[WORKING DATA Boundary: Start]
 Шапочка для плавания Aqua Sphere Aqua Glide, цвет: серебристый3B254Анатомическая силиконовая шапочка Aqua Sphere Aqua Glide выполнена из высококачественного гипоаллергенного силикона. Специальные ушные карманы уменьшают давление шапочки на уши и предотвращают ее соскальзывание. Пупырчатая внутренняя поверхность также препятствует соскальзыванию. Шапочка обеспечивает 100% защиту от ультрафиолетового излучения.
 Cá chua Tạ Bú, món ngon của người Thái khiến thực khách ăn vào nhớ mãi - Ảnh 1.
[WORKING DATA Boundary: End]
[WORKING DATA Boundary: Start]
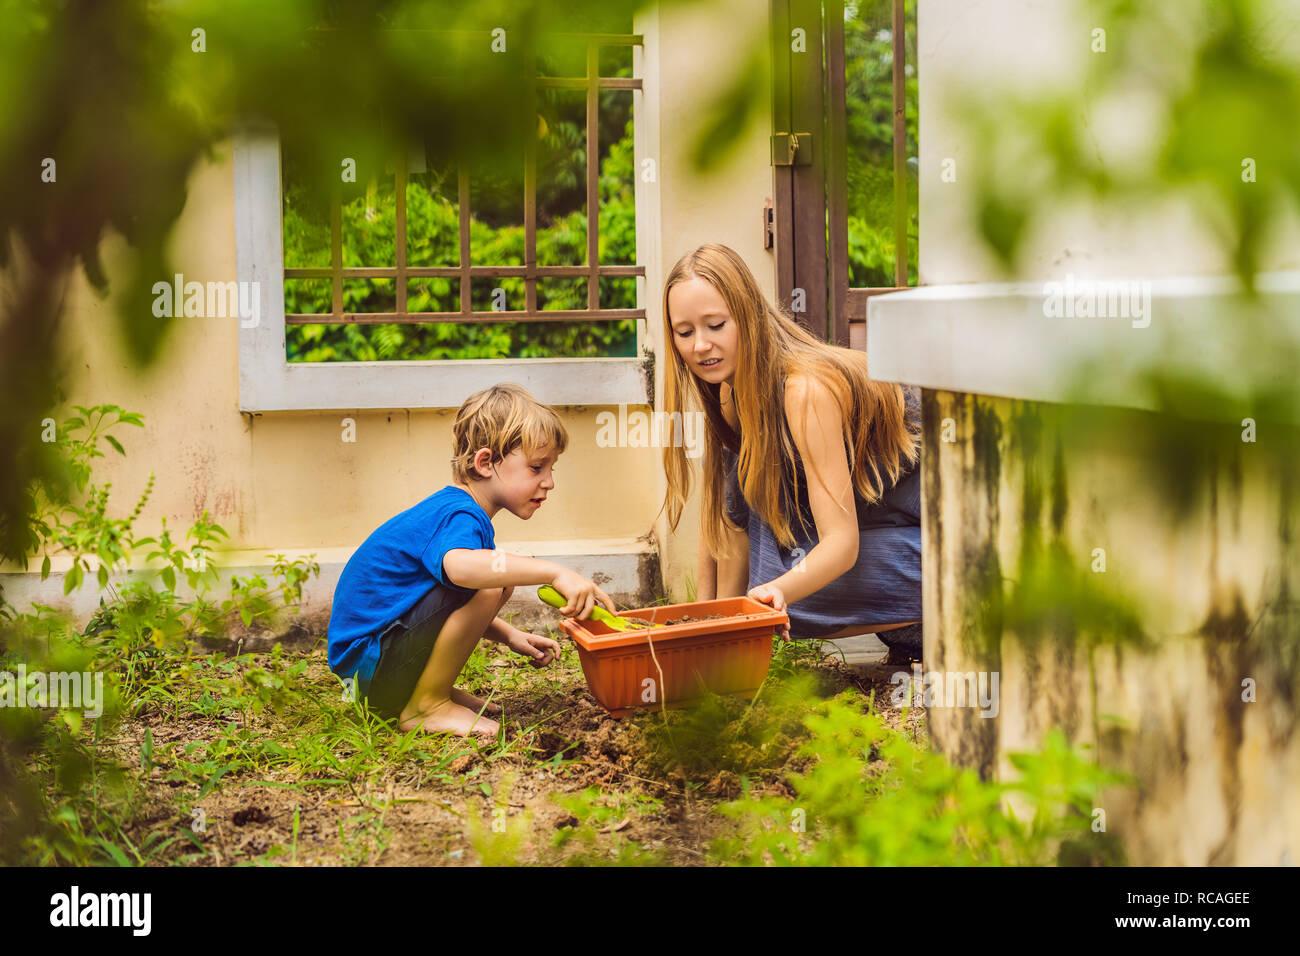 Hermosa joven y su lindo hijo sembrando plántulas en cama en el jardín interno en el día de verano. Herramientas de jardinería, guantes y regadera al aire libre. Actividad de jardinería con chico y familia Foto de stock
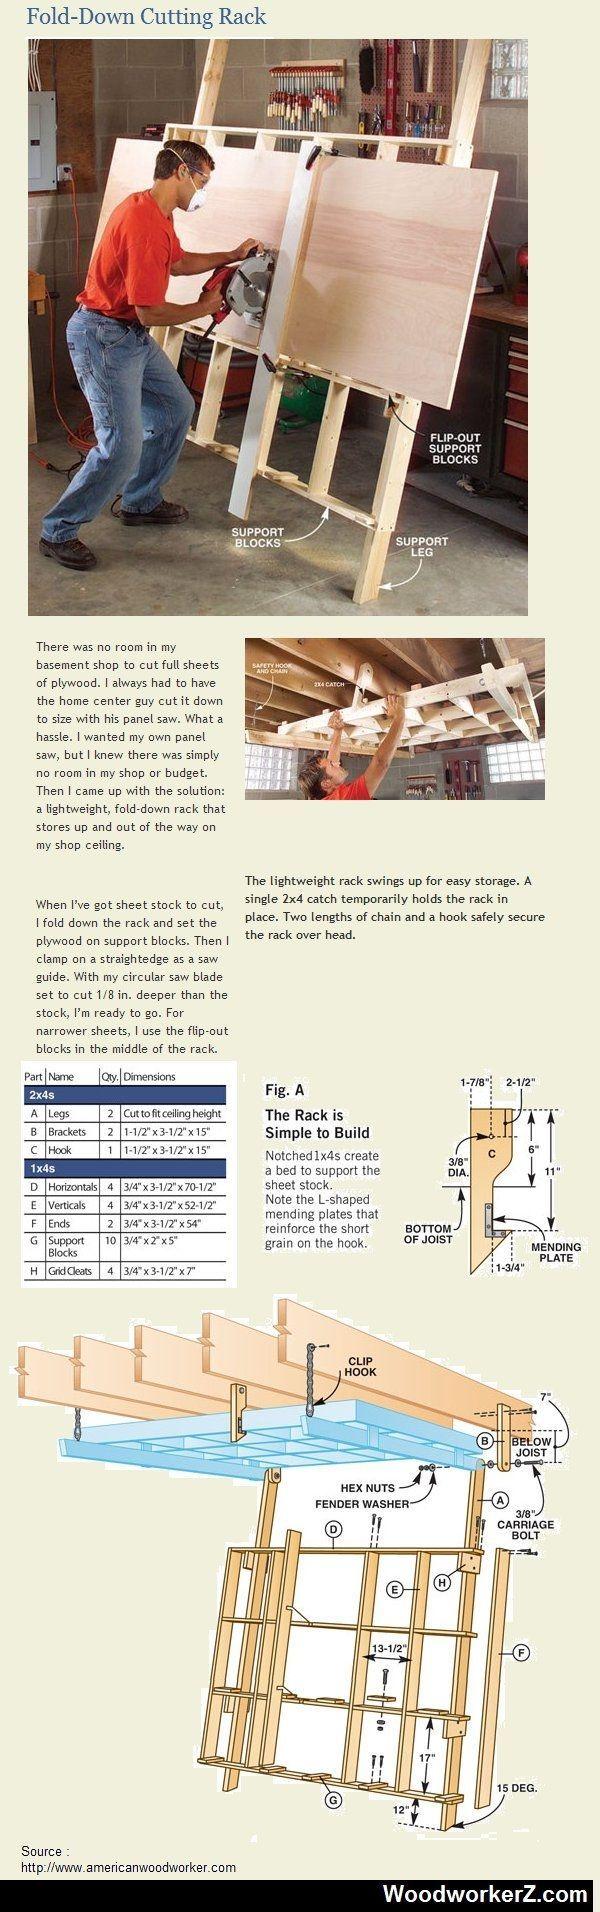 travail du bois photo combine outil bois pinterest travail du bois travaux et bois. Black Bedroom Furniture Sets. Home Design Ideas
[WORKING DATA Boundary: End]
[WORKING DATA Boundary: Start]
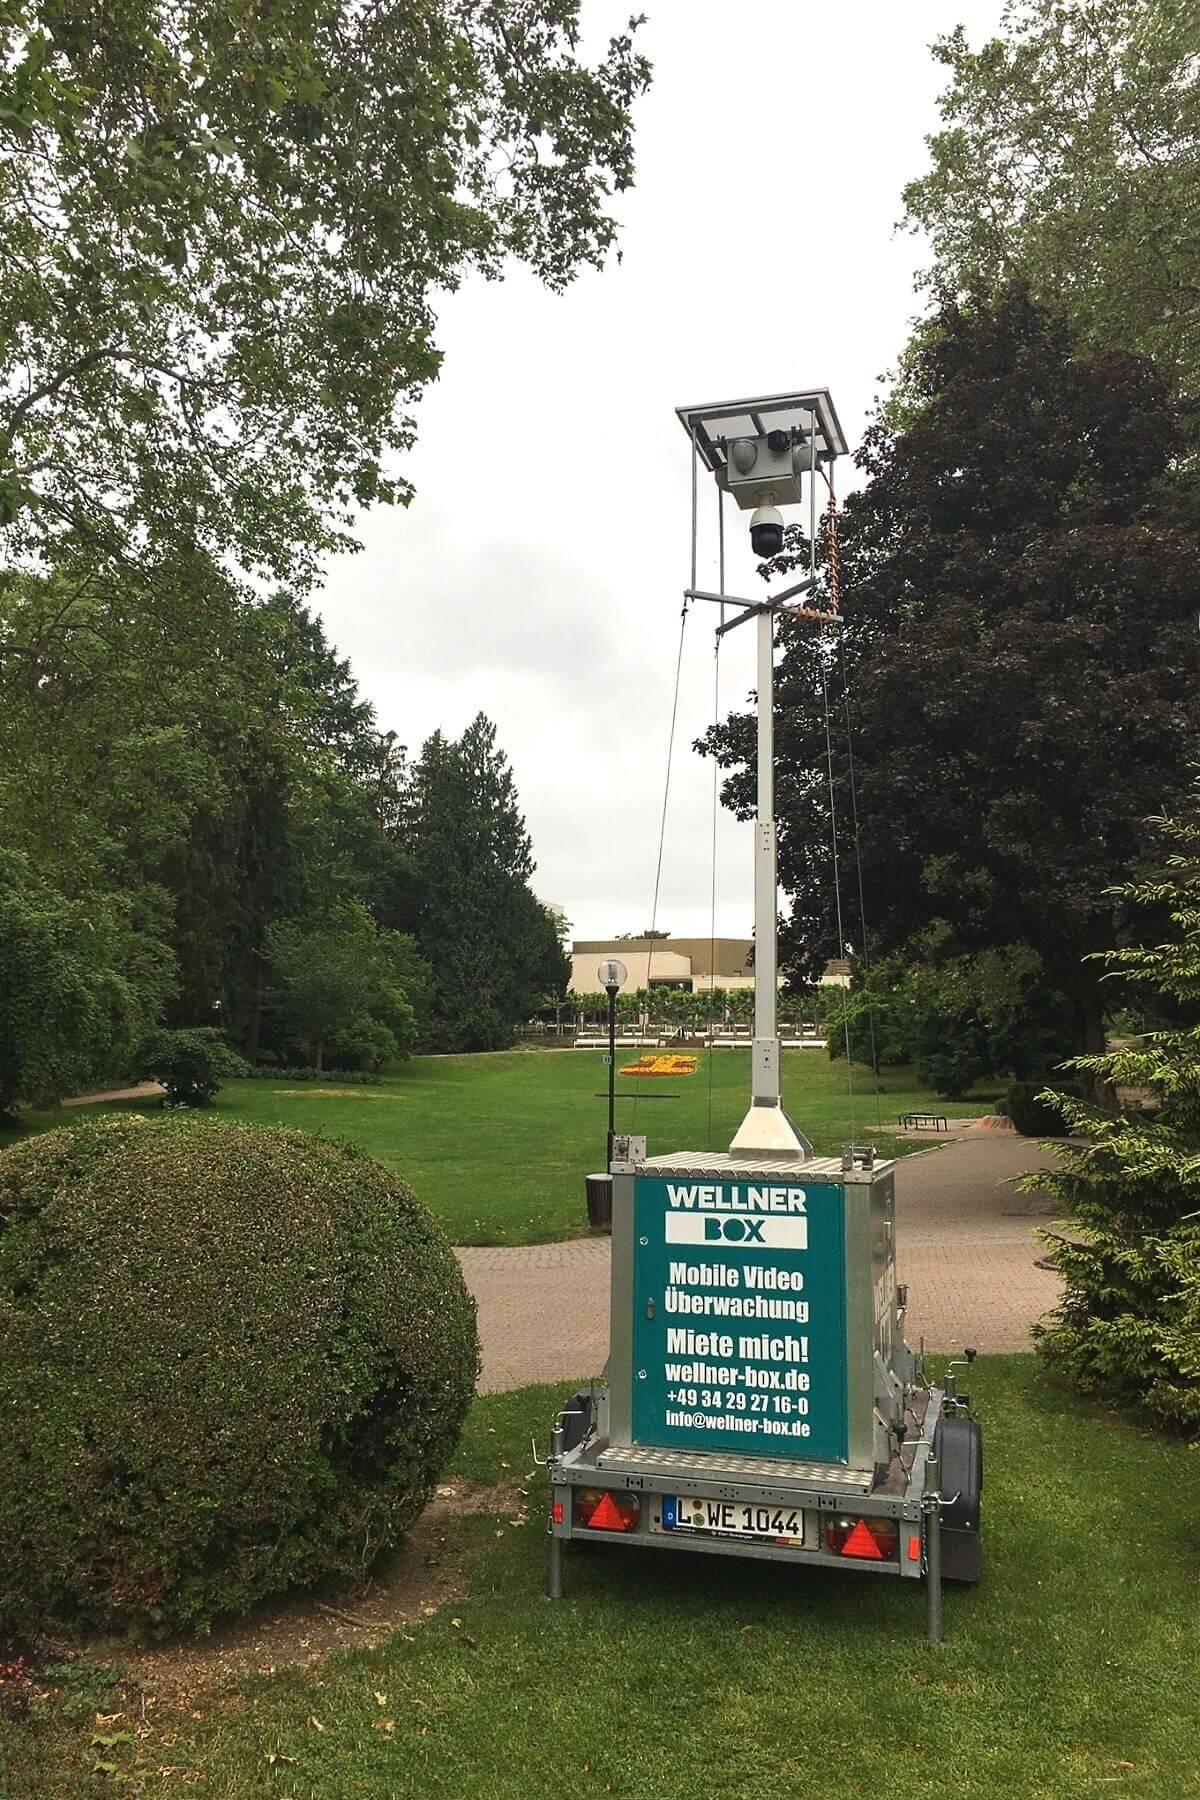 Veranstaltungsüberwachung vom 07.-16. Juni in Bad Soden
[WORKING DATA Boundary: End]
◆ **TRY IT**: Return exactly the lines that appear in the data above between the line containing "Hermosa joven y" and the line containing "travail du bois photo", both of which are included, and leave the pictures out.

◆ **TASK OUTPUT**:
 Hermosa joven y su lindo hijo sembrando plántulas en cama en el jardín interno en el día de verano. Herramientas de jardinería, guantes y regadera al aire libre. Actividad de jardinería con chico y familia Foto de stock
 travail du bois photo combine outil bois pinterest travail du bois travaux et bois. Black Bedroom Furniture Sets. Home Design Ideas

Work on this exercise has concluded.